Ways to Protect from Social Engineering
In addition to an attack, you must be proactive about your privacy and security. The following
are some important ways to protect against all types of cyberattacks:
Secure communication and account management habits
▪ Online communication is where you are insecure. Social media, email and text
messages are common goals, but you want to inter-person.
▪ Never click on any email or message link.
▪ Use multi-factor authentication. When only passwords are used to secure them, online
accounts are more secure. Multi-factor authentication adds additional layers to verify
its identity at account login. These "factors" may have biometrics such as fingerprints
or facial recognition or passcodes sent via text message.

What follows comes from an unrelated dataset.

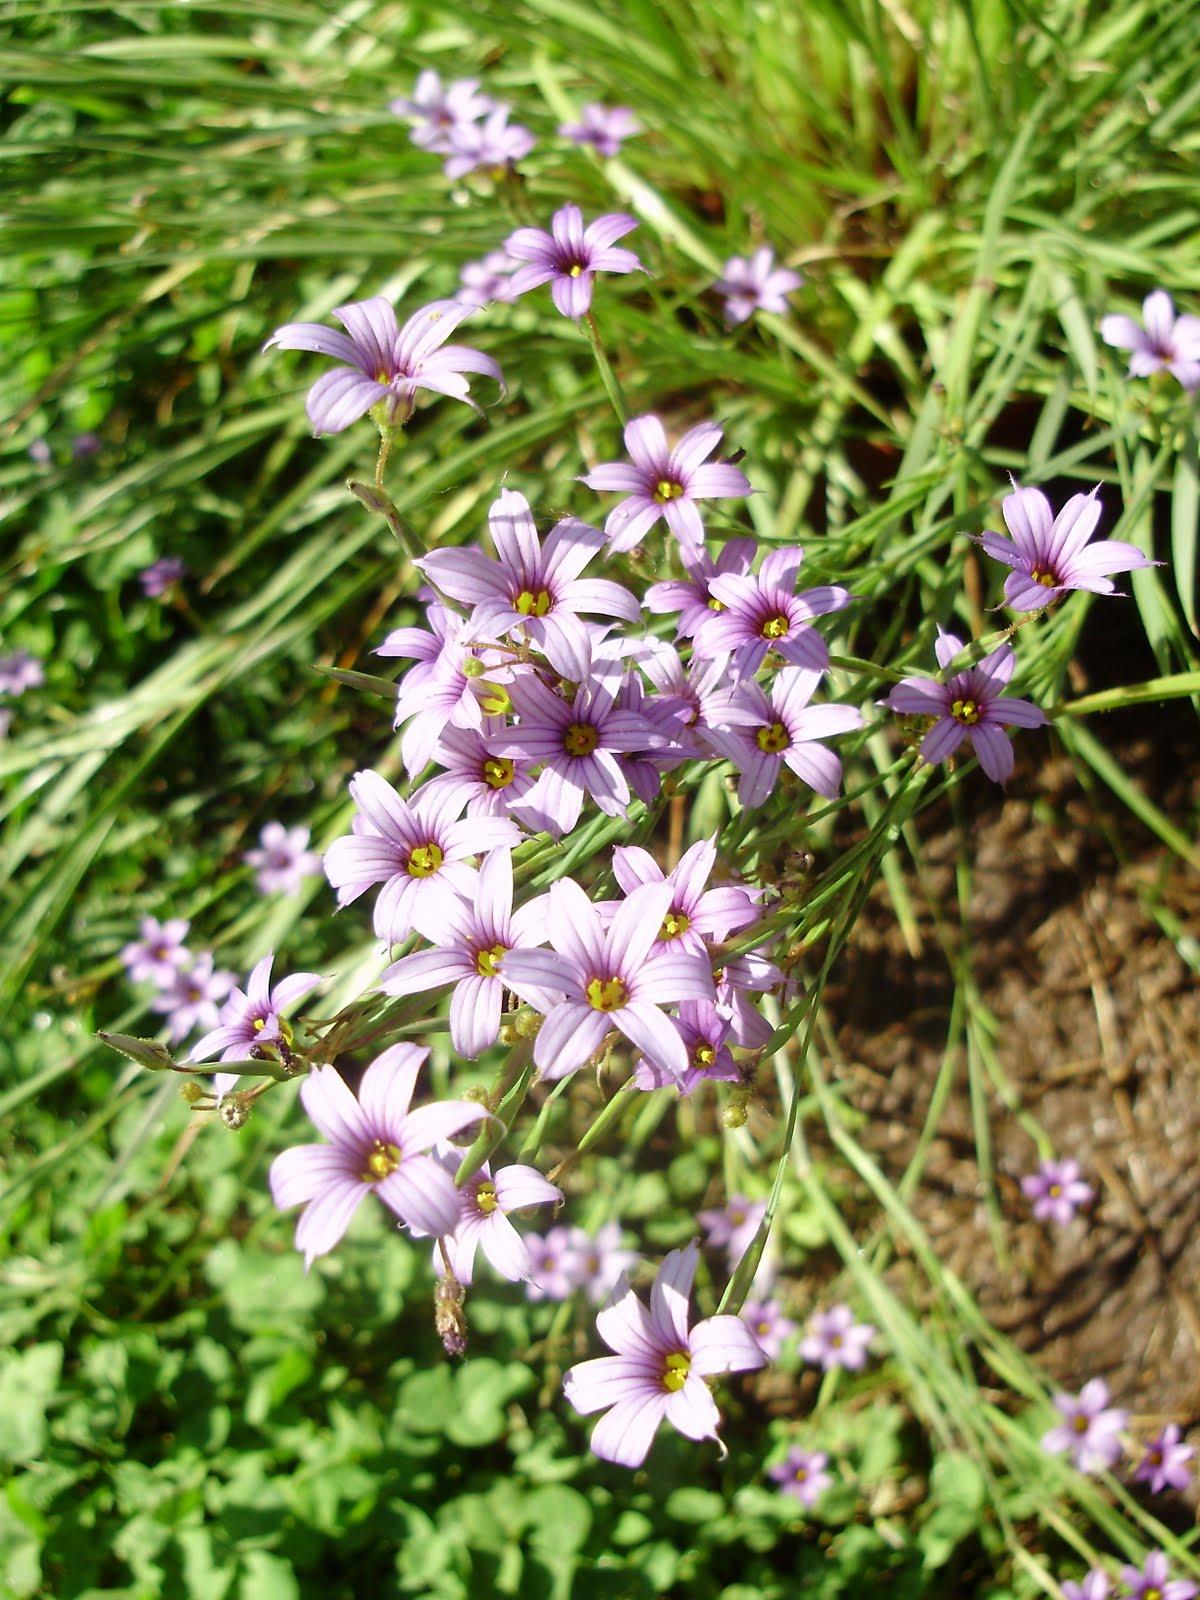 Qinti wasi plantas nativas de argentina sisyrinchium for Vivero plantas nativas

▪ Use a strong password. Each of your passwords must be unique and complex. You are
using several types of characters, including uppercase, numbers, and symbols. Also,
you can opt for the more extended password option. You may want to use Password
Manager to store and remember them securely to manage all your custom passwords,.
▪ Avoid sharing your schools, pets, place of birth, or other personal details. You will
make it harder for the criminal to crack your account.
▪ Be very conscious of making online friendships.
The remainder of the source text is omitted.